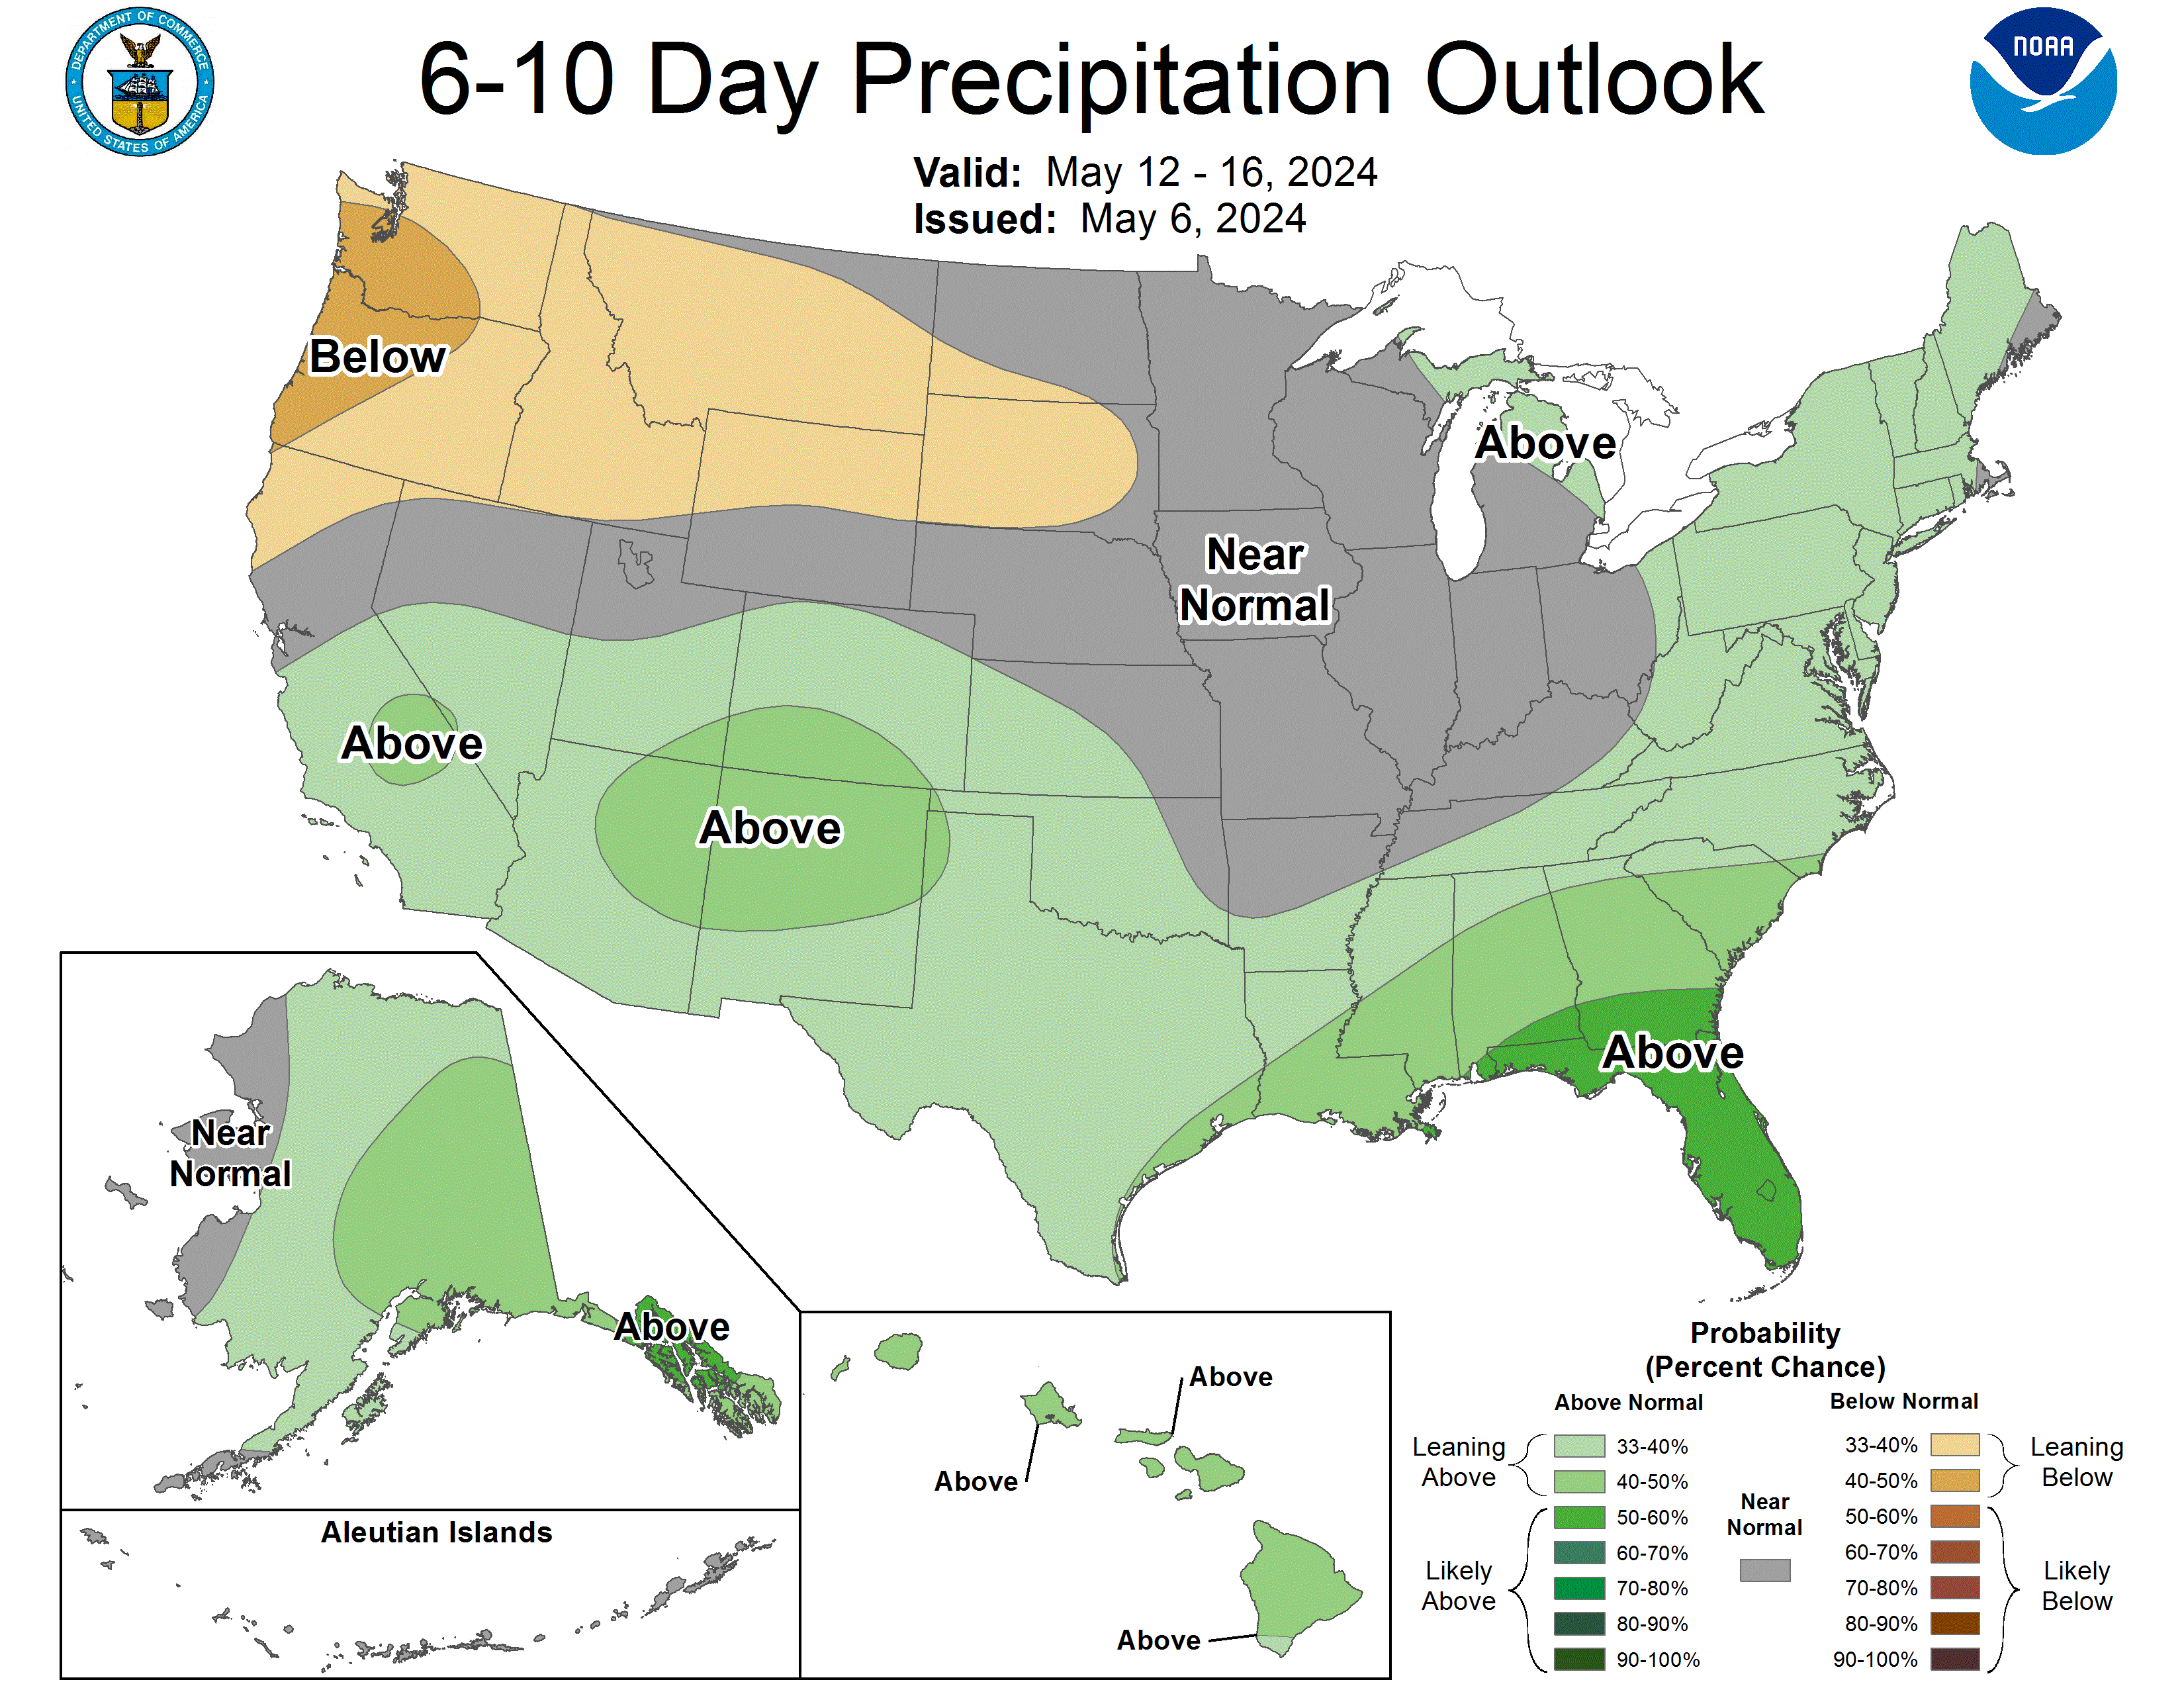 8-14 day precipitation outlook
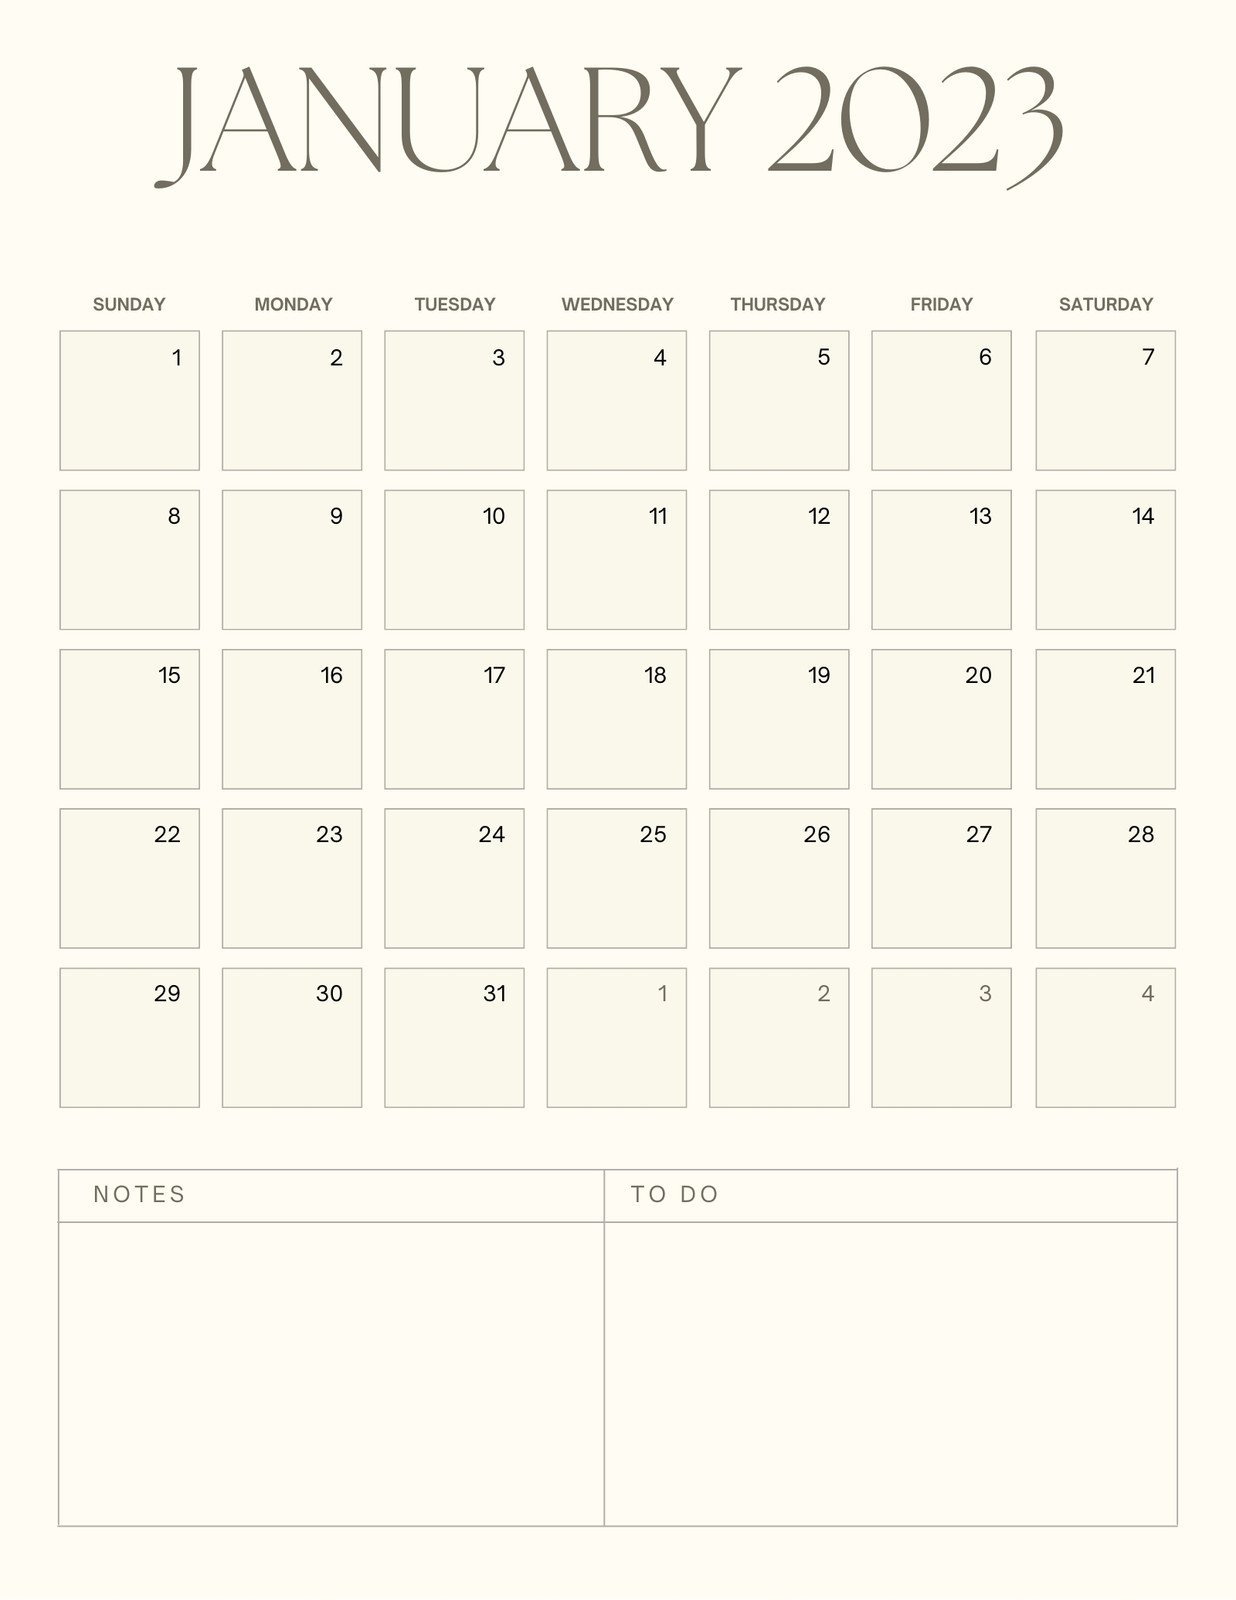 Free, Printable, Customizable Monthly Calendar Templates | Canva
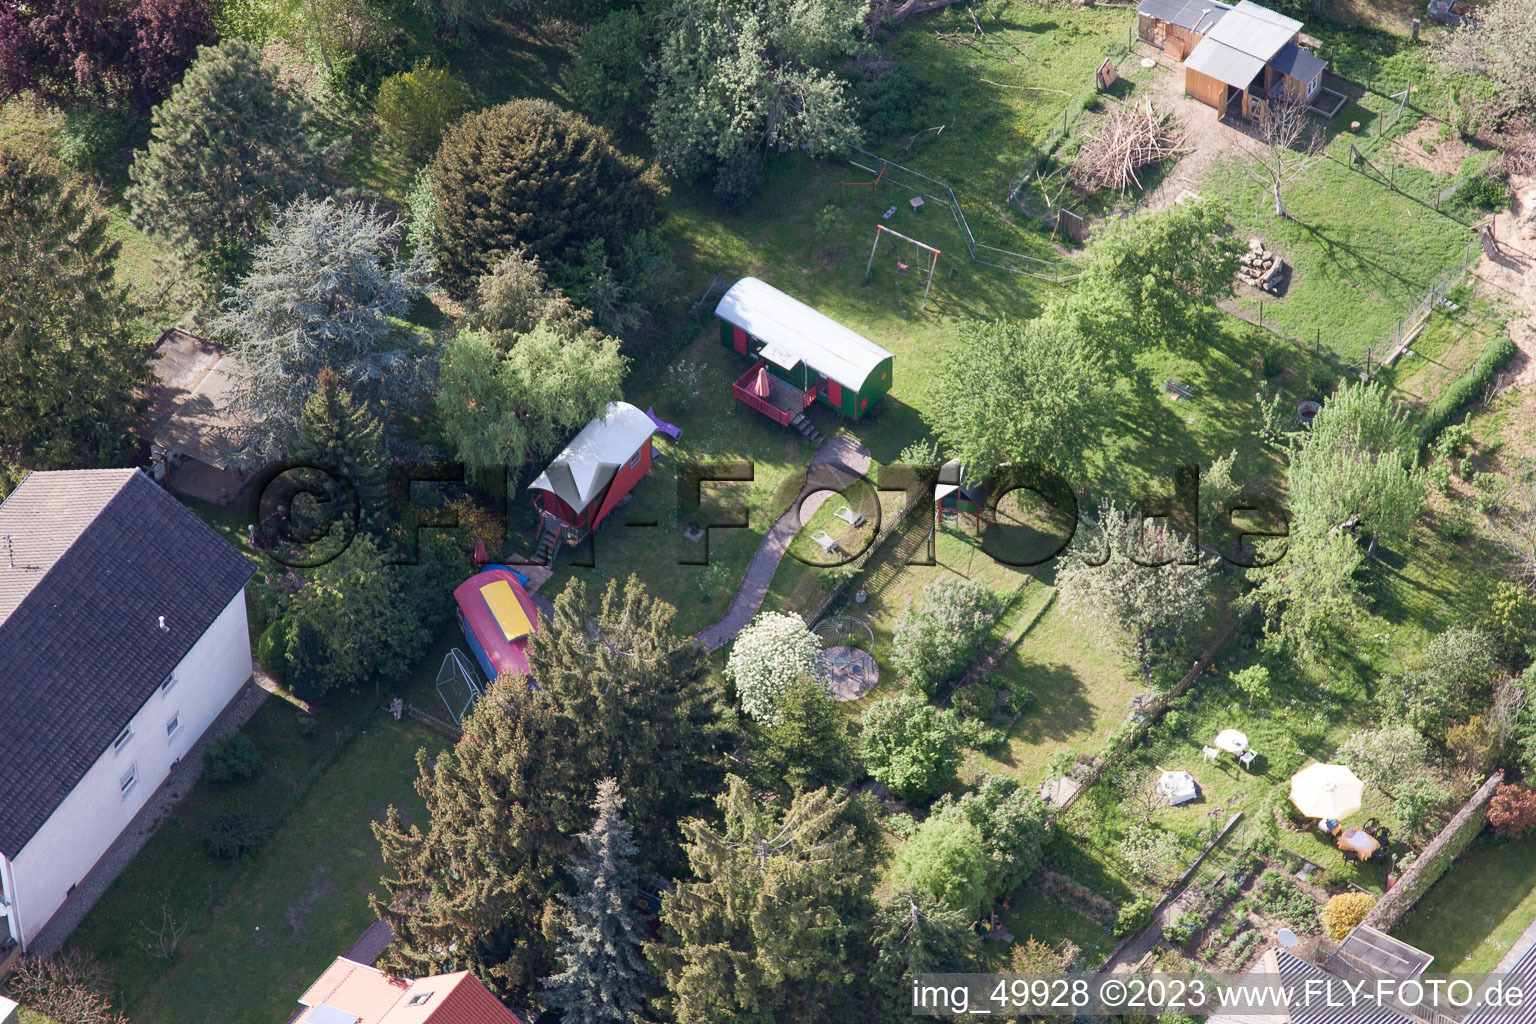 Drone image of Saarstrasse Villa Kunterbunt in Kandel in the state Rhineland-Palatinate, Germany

********

Activity
What you output must match the data exactly, apart from the pictures, which are left out.

Response to the exercise
 8-14 day precipitation outlook
 Free, Printable, Customizable Monthly Calendar Templates | Canva
 Drone image of Saarstrasse Villa Kunterbunt in Kandel in the state Rhineland-Palatinate, Germany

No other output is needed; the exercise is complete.